■ **Your goal**
This calls for a word-for-word copy of all the data, with each picture removed.
**** Information supplied ****
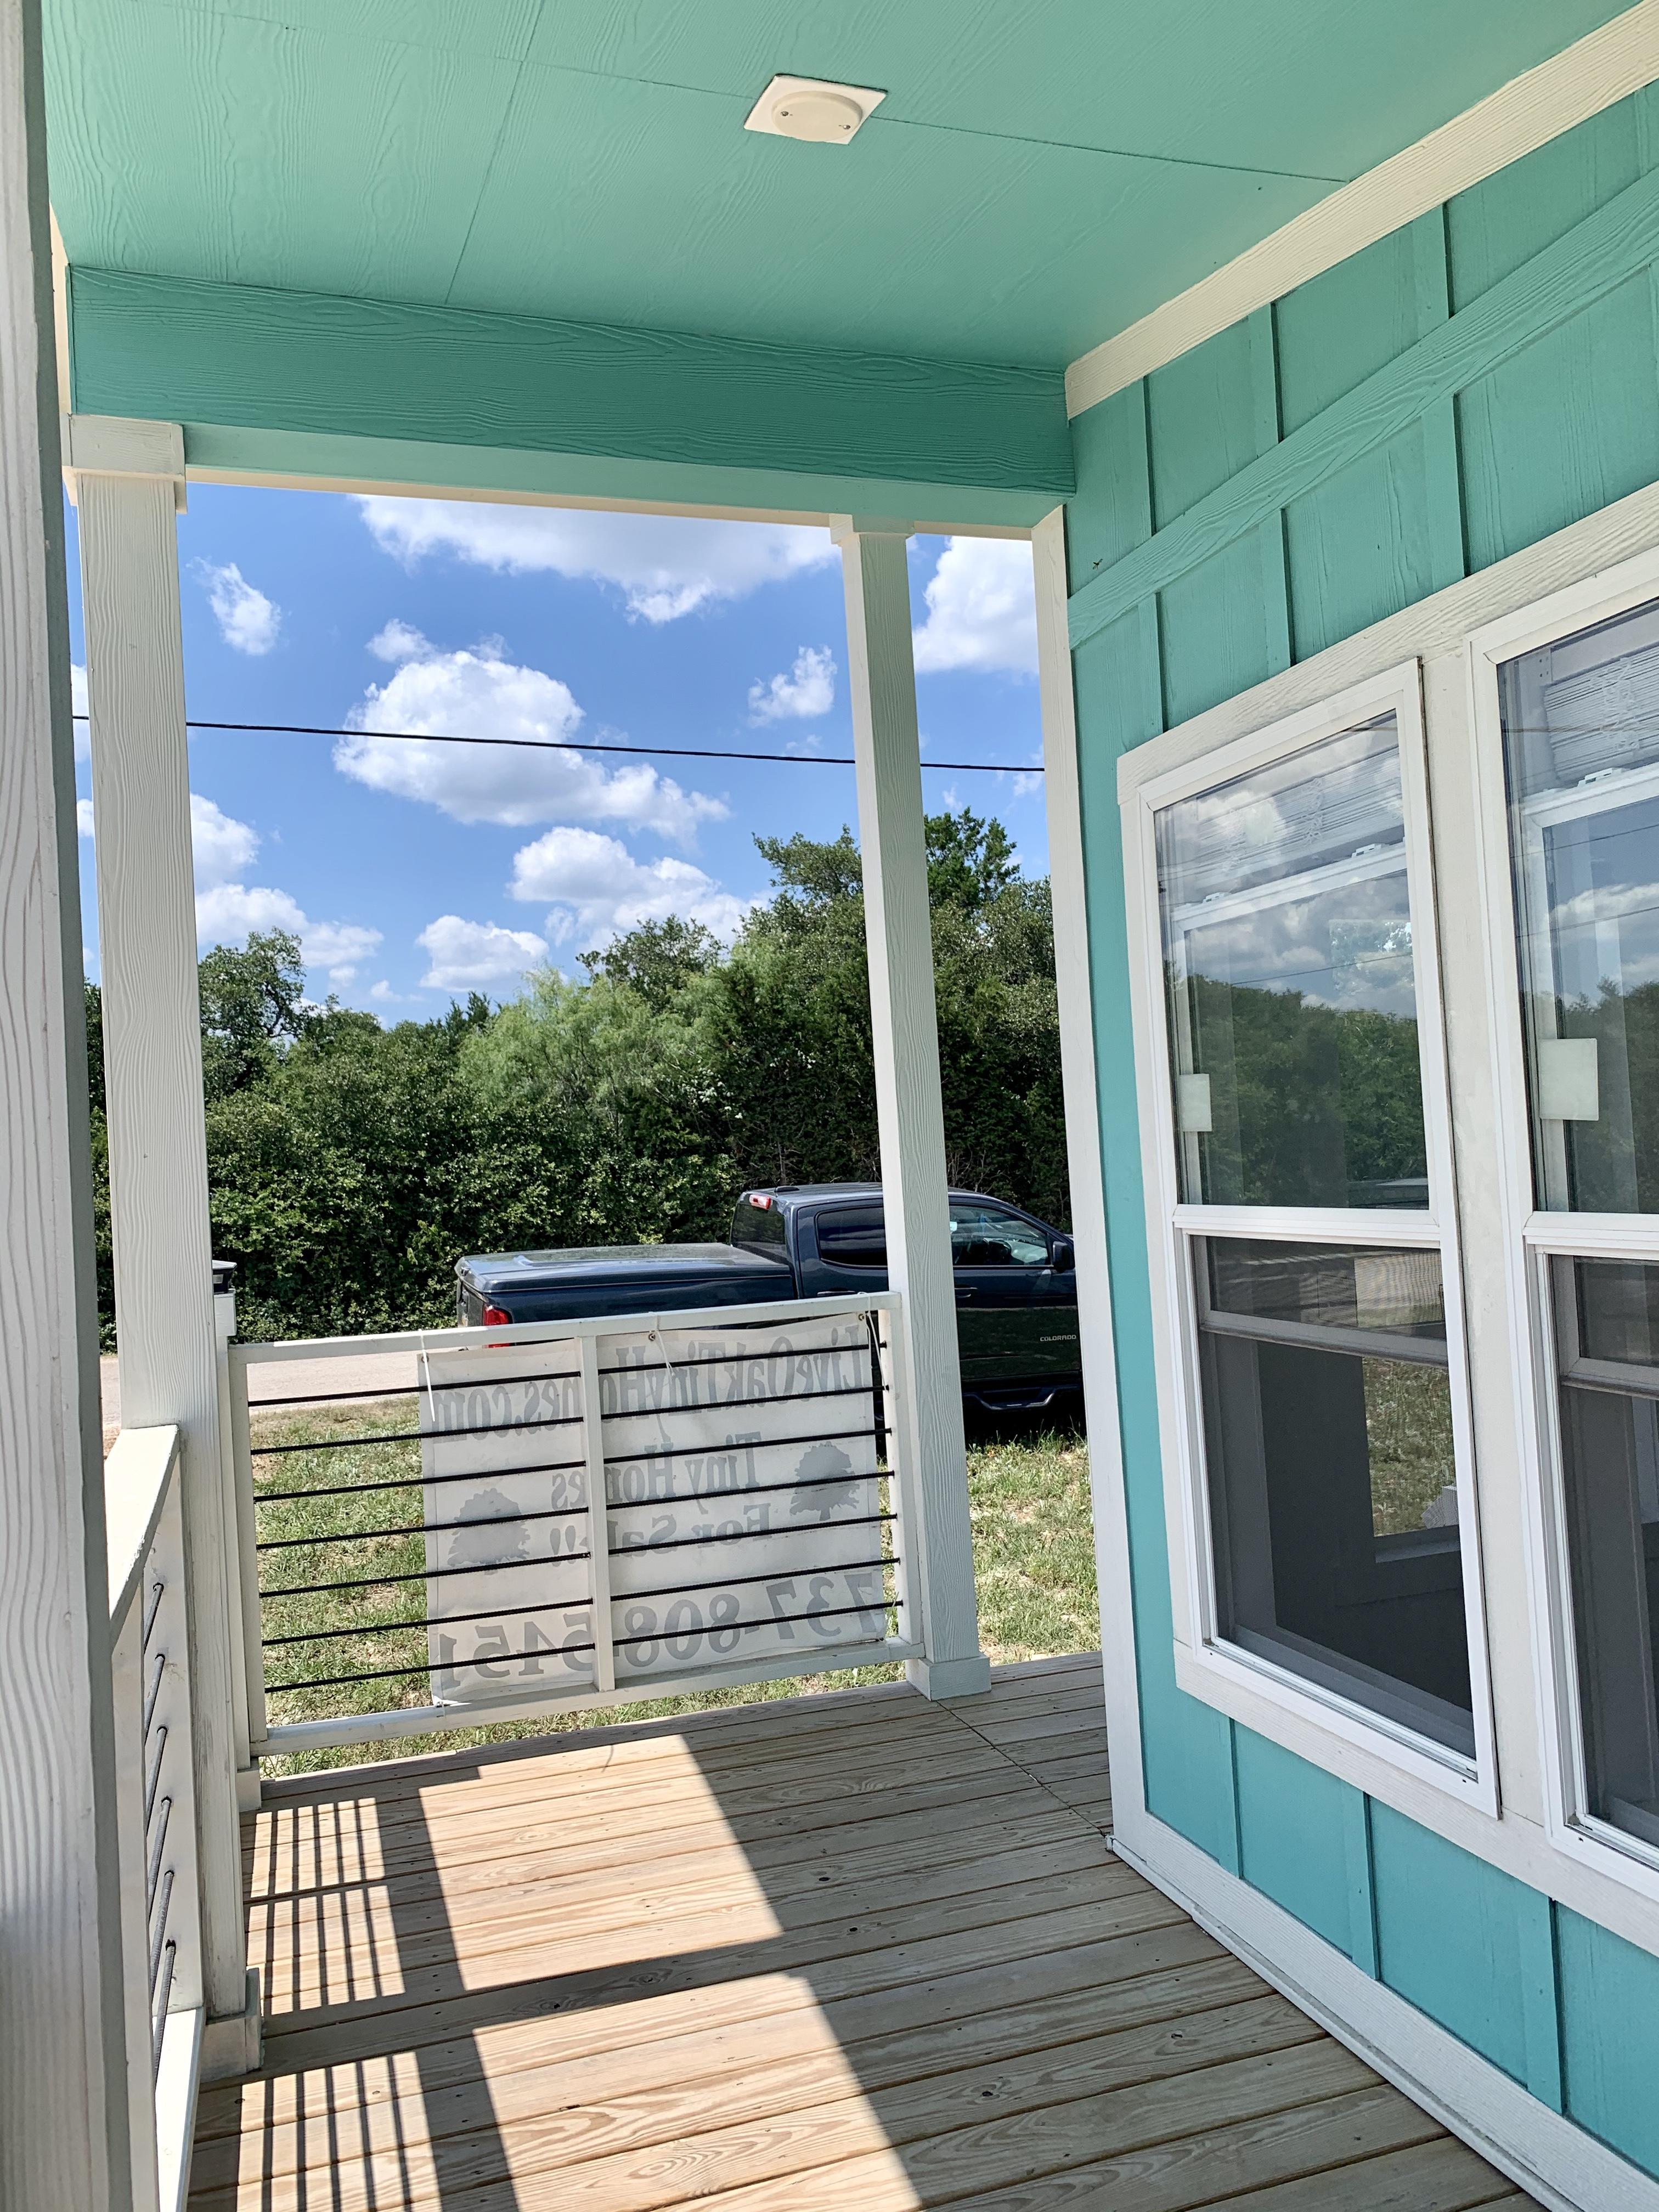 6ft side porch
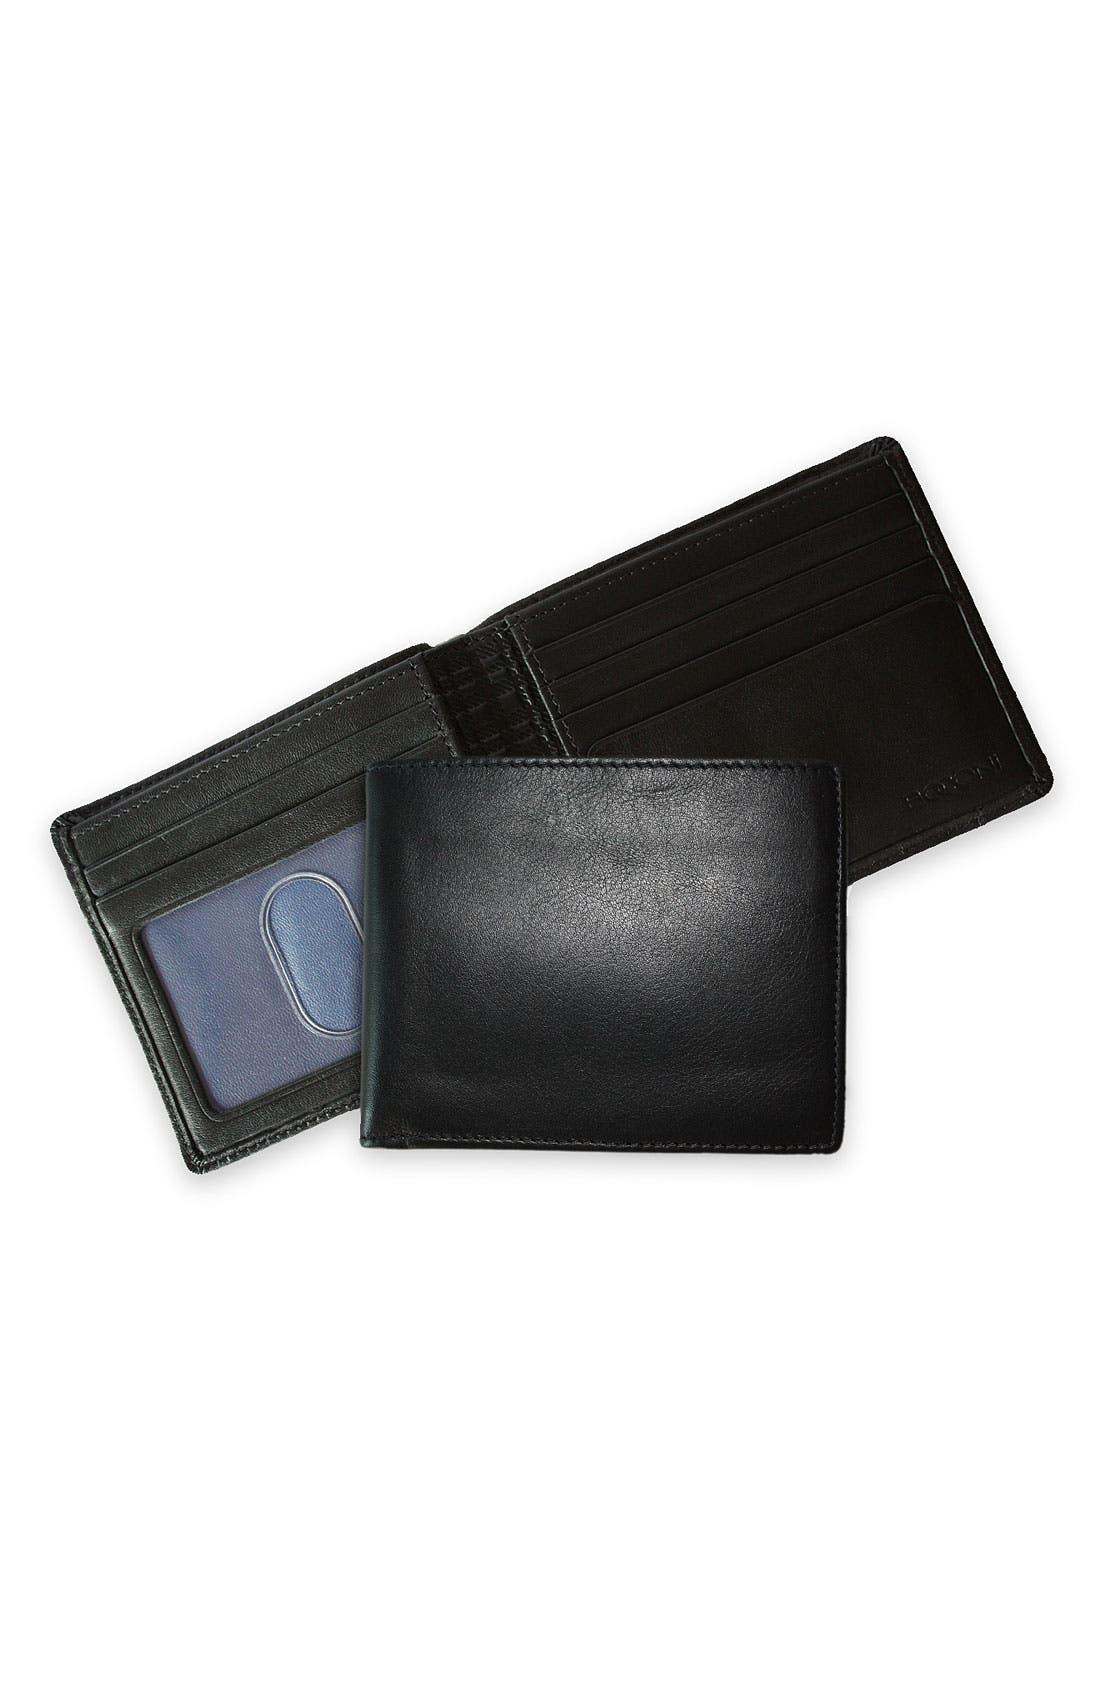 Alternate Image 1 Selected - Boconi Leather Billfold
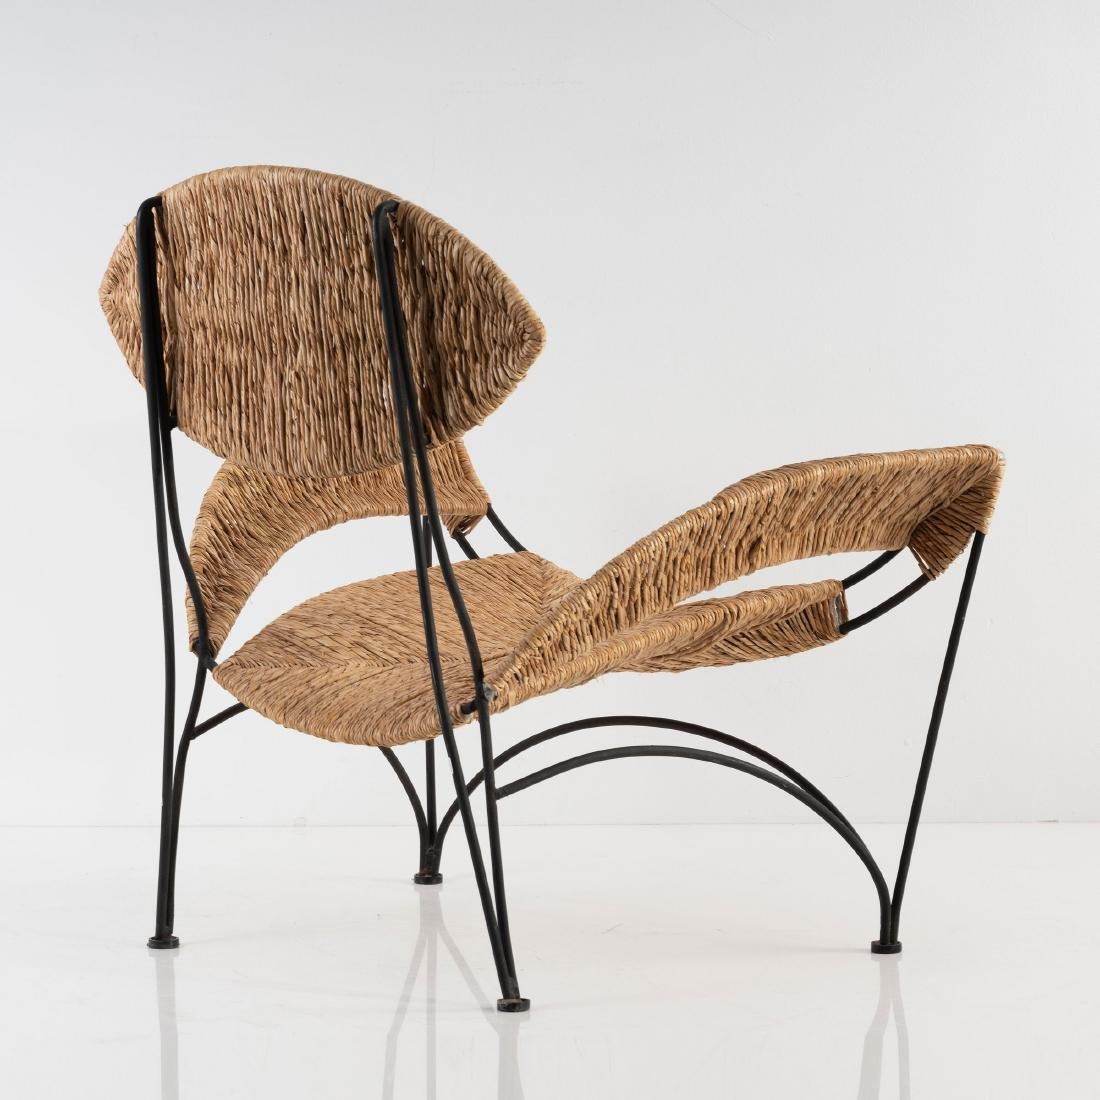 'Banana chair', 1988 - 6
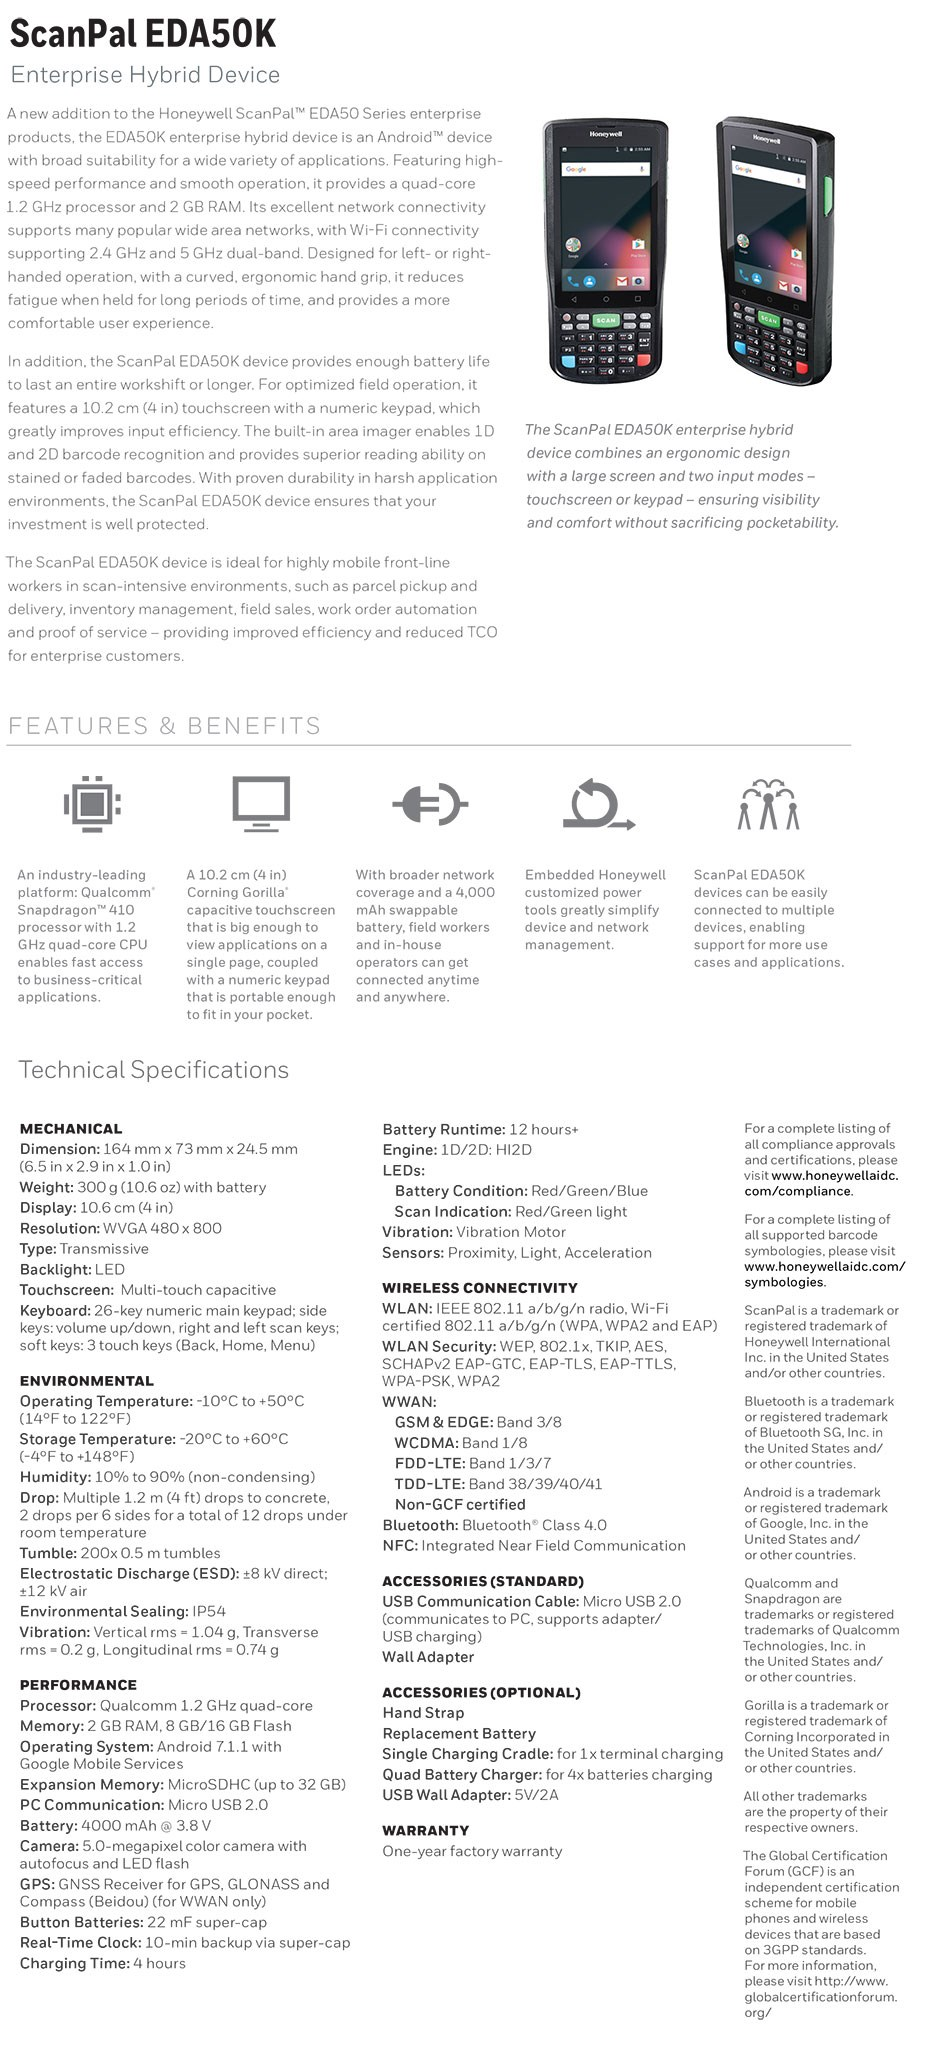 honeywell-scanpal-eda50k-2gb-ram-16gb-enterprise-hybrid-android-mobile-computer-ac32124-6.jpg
****
■ **Solution for this problem**
 6ft side porch
 Alternate Image 1 Selected - Boconi Leather Billfold
 'Banana chair', 1988 - 6
 honeywell-scanpal-eda50k-2gb-ram-16gb-enterprise-hybrid-android-mobile-computer-ac32124-6.jpg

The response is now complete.